Cinesamples has released a FREE update to Tina Guo Acoustic Cello. Version 1.4 of the Kontakt Player sample library comes with Cinesmplaes well known "Infinite Bow" articulations. In this quick look we have a listen to the new addition to this fan-favorite library.



All Tina Guo sample libraries by Cinesamples are currently on a 33% Off Discount during the developers Fall Sale
For all details visit Cinesamples: https://bit.ly/2GYuS3f


----------



## SlHarder (Oct 22, 2020)

Any hint of the "clicking" issue this poster and I have noted?

Just had a quick play with the update - anyone else getting clicks at the (infinite) loop points on some of the notes? Most noticeable one is on the highest Eb

Edit: And the highest F

Edit again: It seems to be on a lot of the notes actually, but only when they don't start with a legato transition. Going from F to Eb then hitting the infinite loop switch doesn't have pops, but just playing the Eb with the infinite loop does have pops. Anyone else able to replicate this?





__





Tina Guo Acoustic Cello Legato update is available.

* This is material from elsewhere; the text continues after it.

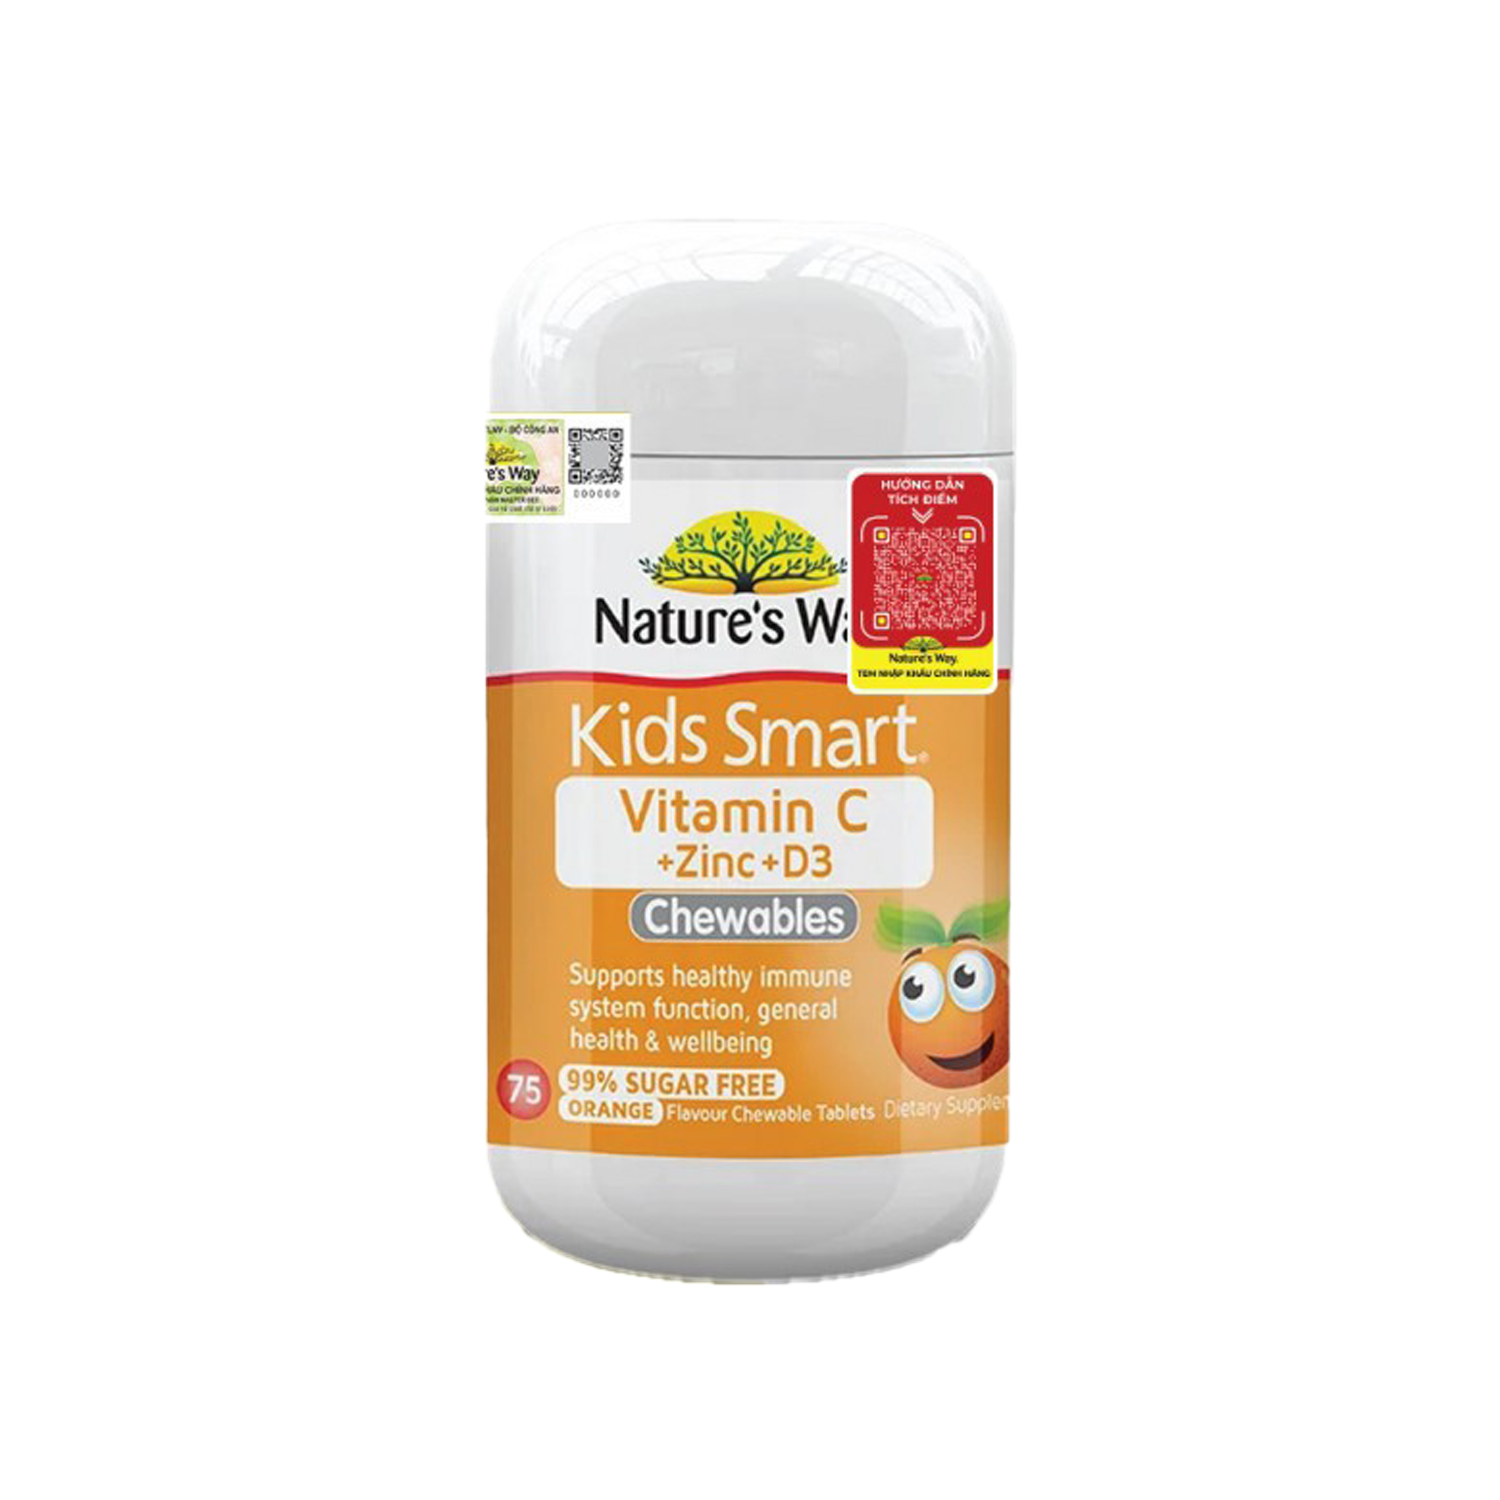 Nature’s Way Kids Smart Vitamin C + Zinc + D3

Use the Connect exe. now, it puts everything in a folder for you. Install in Native Access, add serial, but reboot host.




vi-control.net


----------



## jcrosby (Oct 23, 2020)

SlHarder said:


> Any hint of the "clicking" issue this poster and I have noted?
> 
> Just had a quick play with the update - anyone else getting clicks at the (infinite) loop points on some of the notes? Most noticeable one is on the highest Eb
> 
> ...


Funny, I haven't downloaded the update yet but I thought I could hear that in this video... Not to mention the loop points are noticeable in general.


----------



## SlHarder (Oct 23, 2020)

Leaving aside the click issue, I find the loop points for Tina infinite bow to be no more noticeable than the other variations one hears when closely listening to a sampled string instrument long bowing. This infinite bow is on par with the infinite in other CS Tina libraries and certainly useful when you need just another beat before a rebow in a slow tempo. And admittedly CS are attempting to create what a real string player could not.


----------



## X-Bassist (Oct 27, 2020)

Just downloaded this from my products on Cinesamples website. There is an nkr and nkc but no nki's. What's up with that? Don't I need an nki to get the 1.4 instrument?


----------



## Rob Elliott (Oct 27, 2020)

Wonderful to have the infinite bow. Now more than ever I wish they would have captured her GREAT tone in a smaller room SO I CAN shape the mix - project dependent!!! Half the things I'd like to use this one on I cannot - because large space Tina was recorded in (that is baked into the samples) :(


----------



## dadadave (Nov 28, 2020)

Does anyone else run into issues when trying to update this? I received a continuata connect link from the vendor where I bought it (Time+Space), downloaded and installed it to replace the old version, now kontakt doesn't load it properly (says Demo, has garbled instrument UI) or expects me to activate it (when in fact it's already activated in Native Access)...


----------